昔は気象情報を得る手段が限られていましたが、今は天気図だけでなく、上空の風や最新の降水情報が細かく提供されています。なので、現代のサーファーにとって、ICTを活用した気象情報のチェックは欠かせません。

最近では、腕時計に装着されたGPS情報を使って、どのコースをどれくらいの距離、何回波に乗ったかのログ(記録)が取れるサービスも登場。これも、GPSの精度が高くなってきたことと、装置の価格が下がってきたことの恩恵ですね。

さらに、天気が悪く、外に出られない日には、Google Mapの衛星写真を見て、まだ知られていないサーフポイントを探すという人も。ICTがサーフィンを楽しむための重要なツールになっているわけです。

一方、意外と進んでいないのは、SNSでの波情報の交換です。昔からサーファーの間では「しきたり」が重んじられており、波情報は積極的にネット上には公開されません。

行った翌日に「良かったよ」と自慢げに写真をアップするのはアリですが、「今、いいよ!」というのは、サーフィン界ではなんとなく御法度なのです。それは、そのポイントに人が集中するのを防ぐためや、ローカルの人に気を使ってのことだと思います。
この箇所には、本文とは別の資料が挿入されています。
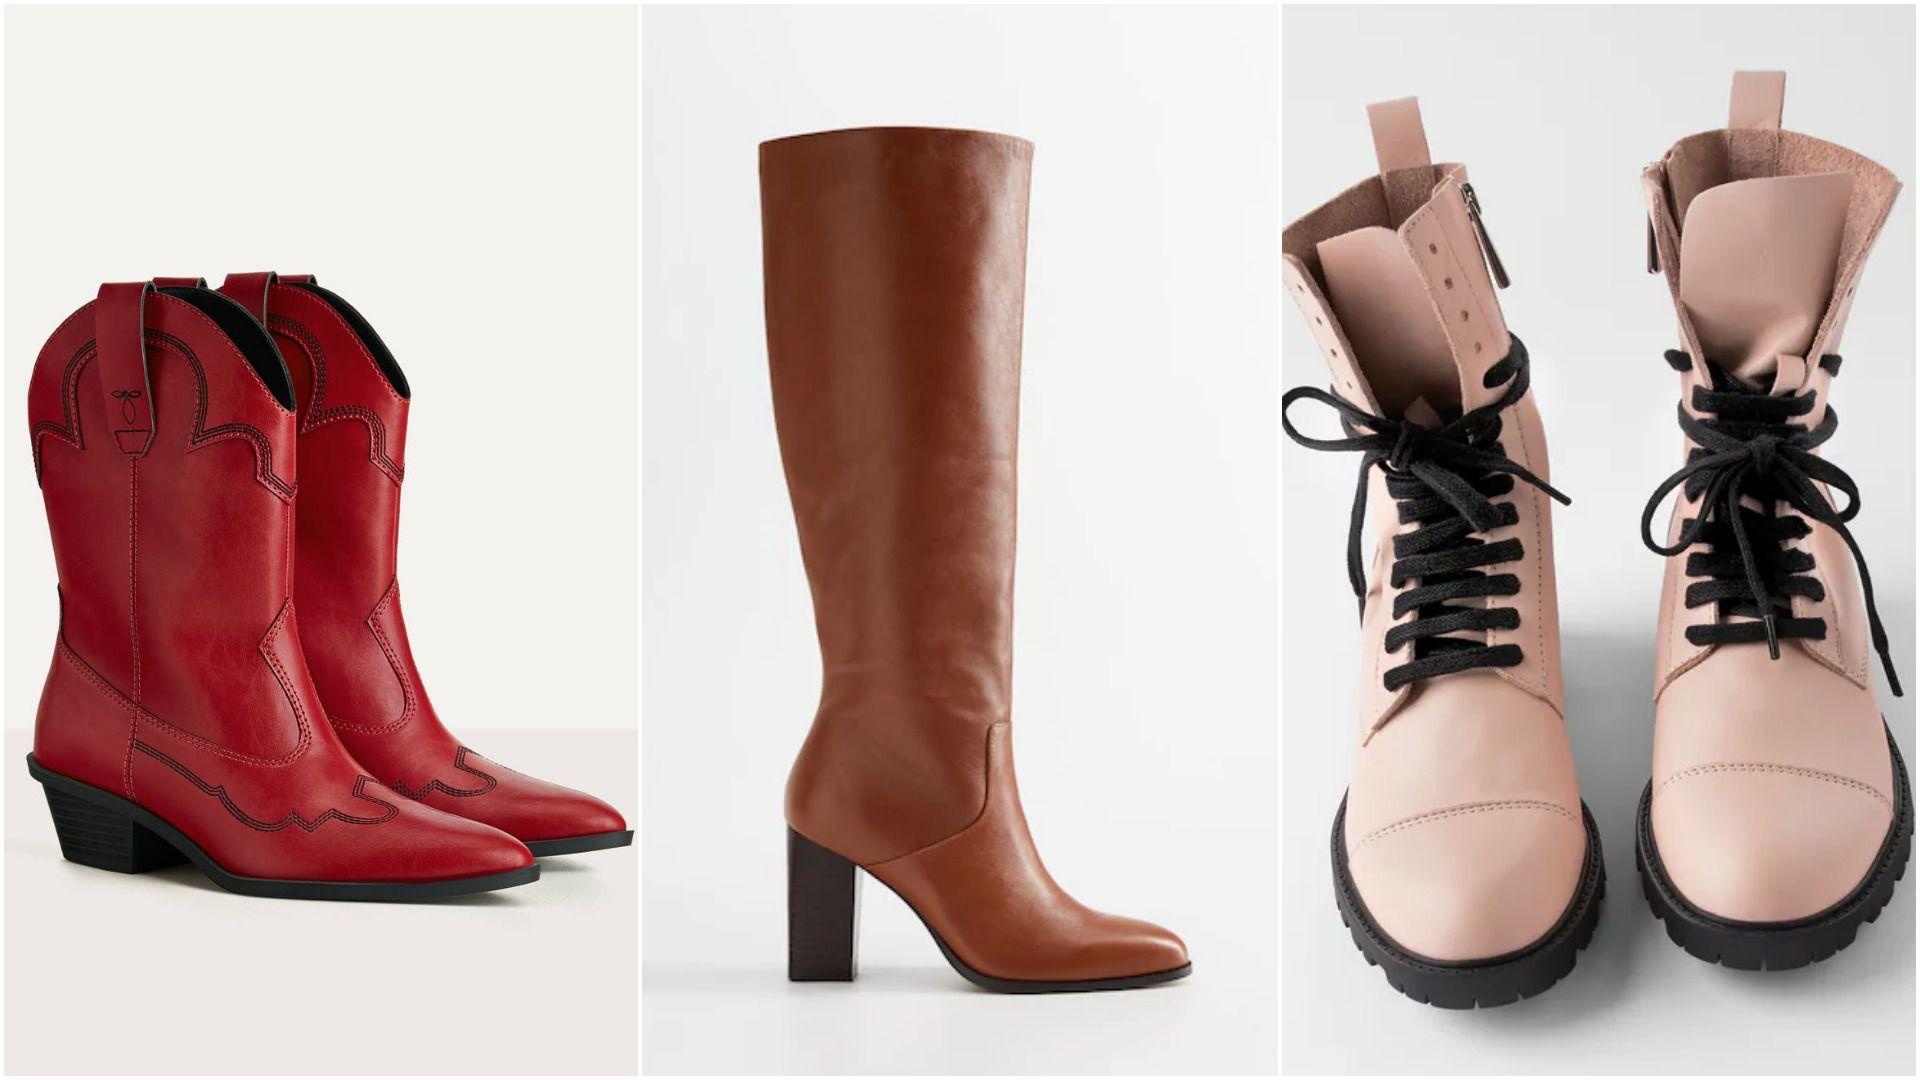 Čizme i gležnjače od 149 kn koje se isplati kupiti na sniženju i nositi na jesen

ポイントの名前すら書かない人が多いくらいです。足を運んだことがあるサーファーなら写真を見てどこのポイントだかわかるはずで、行ったことのない人にまで広めたくないという心理なのかもしれません。ICTはサーフィンを楽しくしてくれるツールですが、伝統的な「しきたり」分野では、まだまだ浸透していないものです。

島にサーフトリップに行こう!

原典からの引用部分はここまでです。